A recent study shows that members of the baby boomer generation are fumbling a very important piece to the estate planning puzzle. A poll taken by the Associated Press and LifeGoesStrong.com revealed that 64 percent of baby boomers do not have a living will or a health care proxy. The poll involved 1,078 baby boomers.

Judging by the feedback offered during the study, baby boomers in Florida and across the country are neglecting to fulfill this task because they either still feel young or are just in denial about facing their own mortality. Regardless of the reason, just about any estate planner would advise individuals, both young and old, to draft a living will and appoint a health care proxy.

A living will not only allocates your assets when you pass on, but it is important in medical proceedings where you may be incapacitated and unable to vocalize decisions.

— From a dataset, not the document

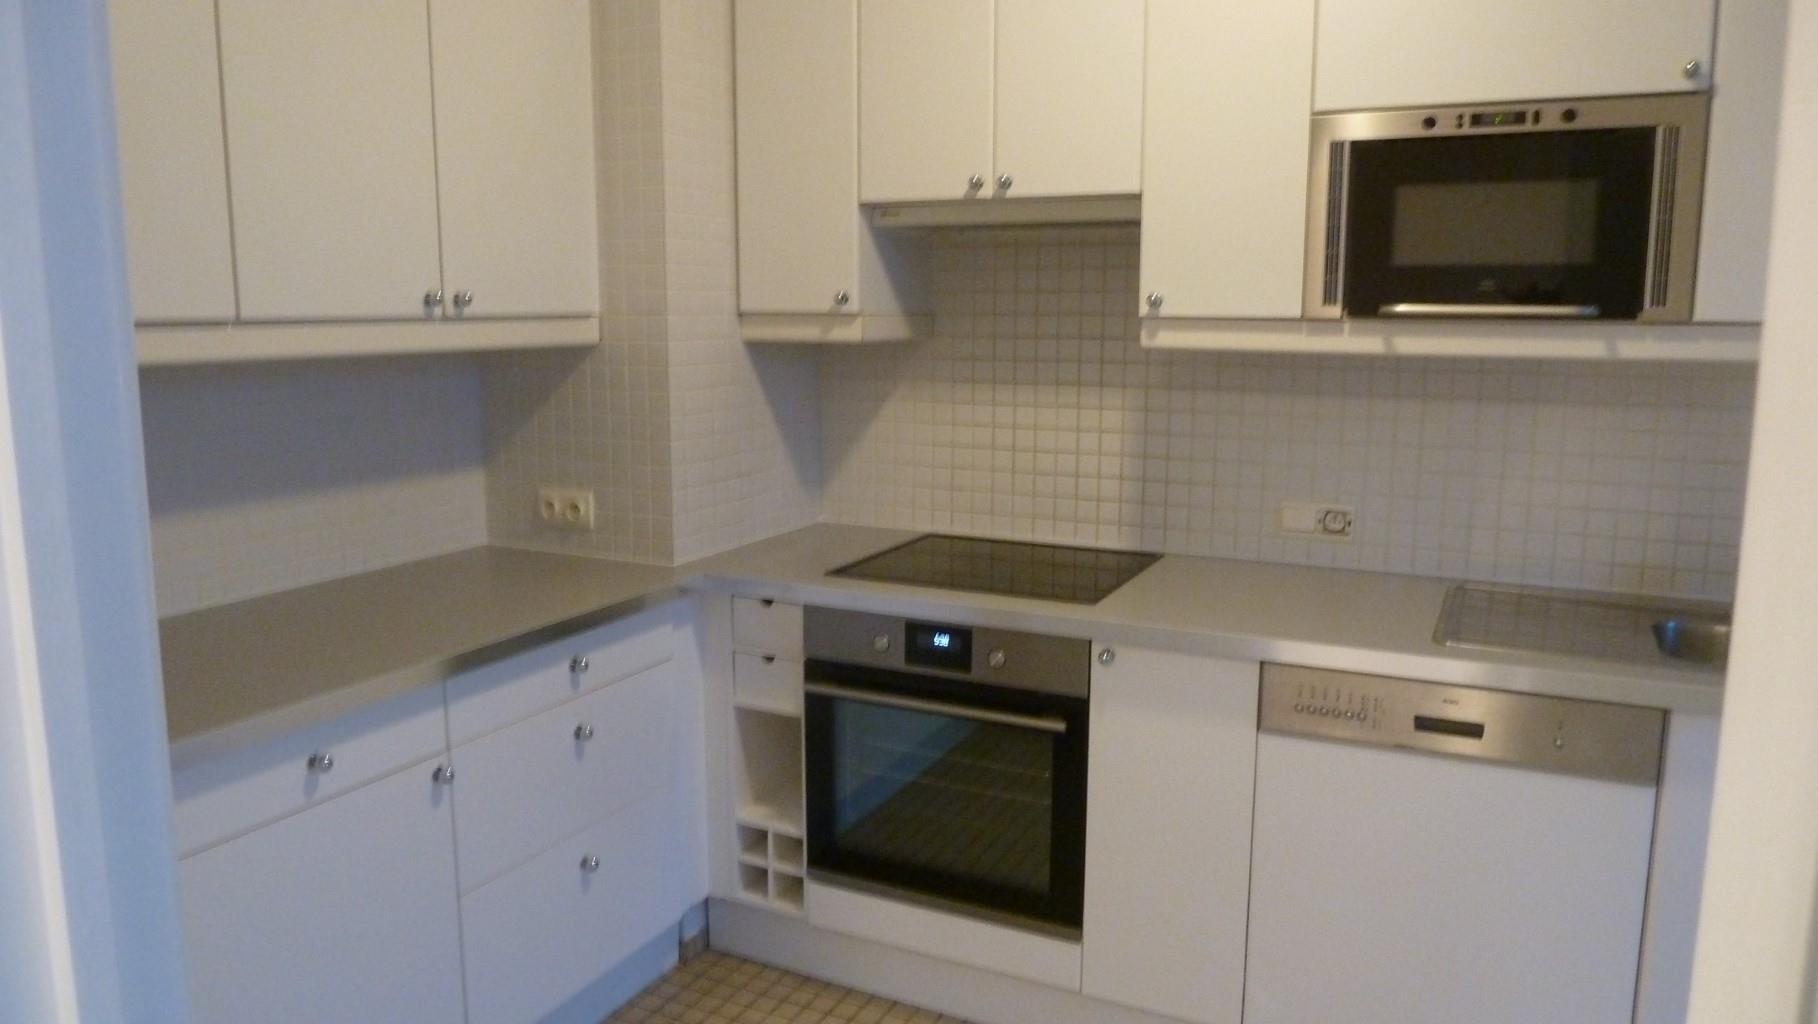 Appartement - Zaventem Sint-Stevens-Woluwe - #3970084-2
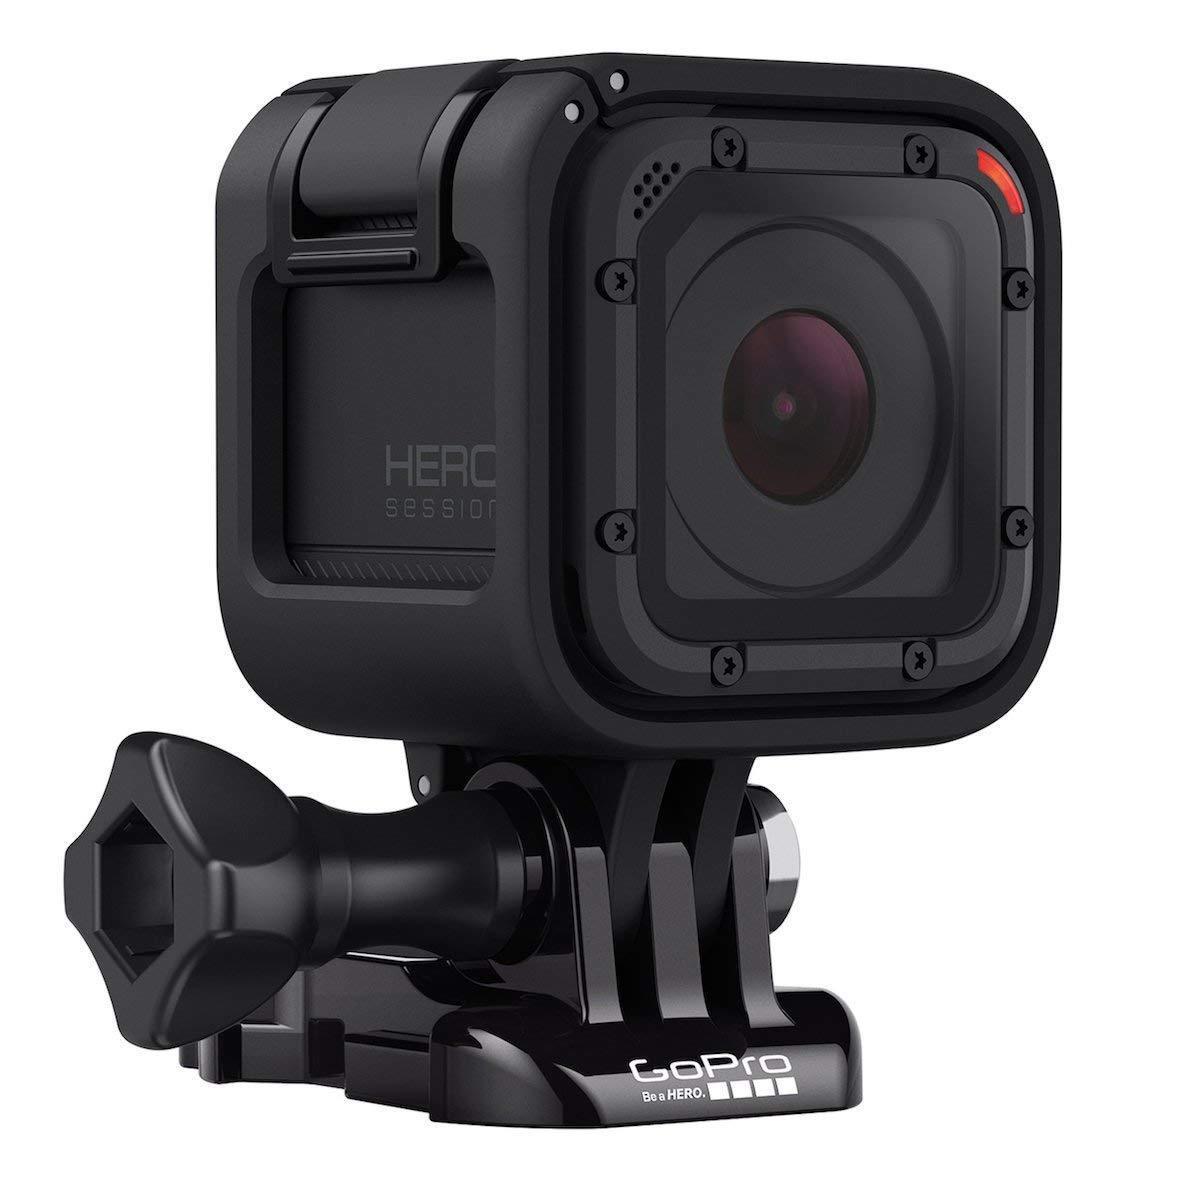 GoPro HERO Session Action-Kamera - Zertifiziert B-Ware [eBay GoPro]

A living will directs doctors on how to proceed in certain scenarios while a health care proxy can make decisions on your behalf. Because health issues can crop up in the lives of people both young and old, a living will is not geared toward just the elderly. Estate planners suggest that anyone over the age of 18 have some form of a living will.

Sadly, many wait until they are old and in poor health to finally see the benefit of a living will or health care proxy. In reality, individuals between the age of 18 and 25 are the ones who need to wake up to the practice. This age group is very susceptible to accidents while at the same time, their parents might not be deemed an agent by a health care power of attorney. They would have to obtain guardianship in court in order to make medical decisions for the young individual.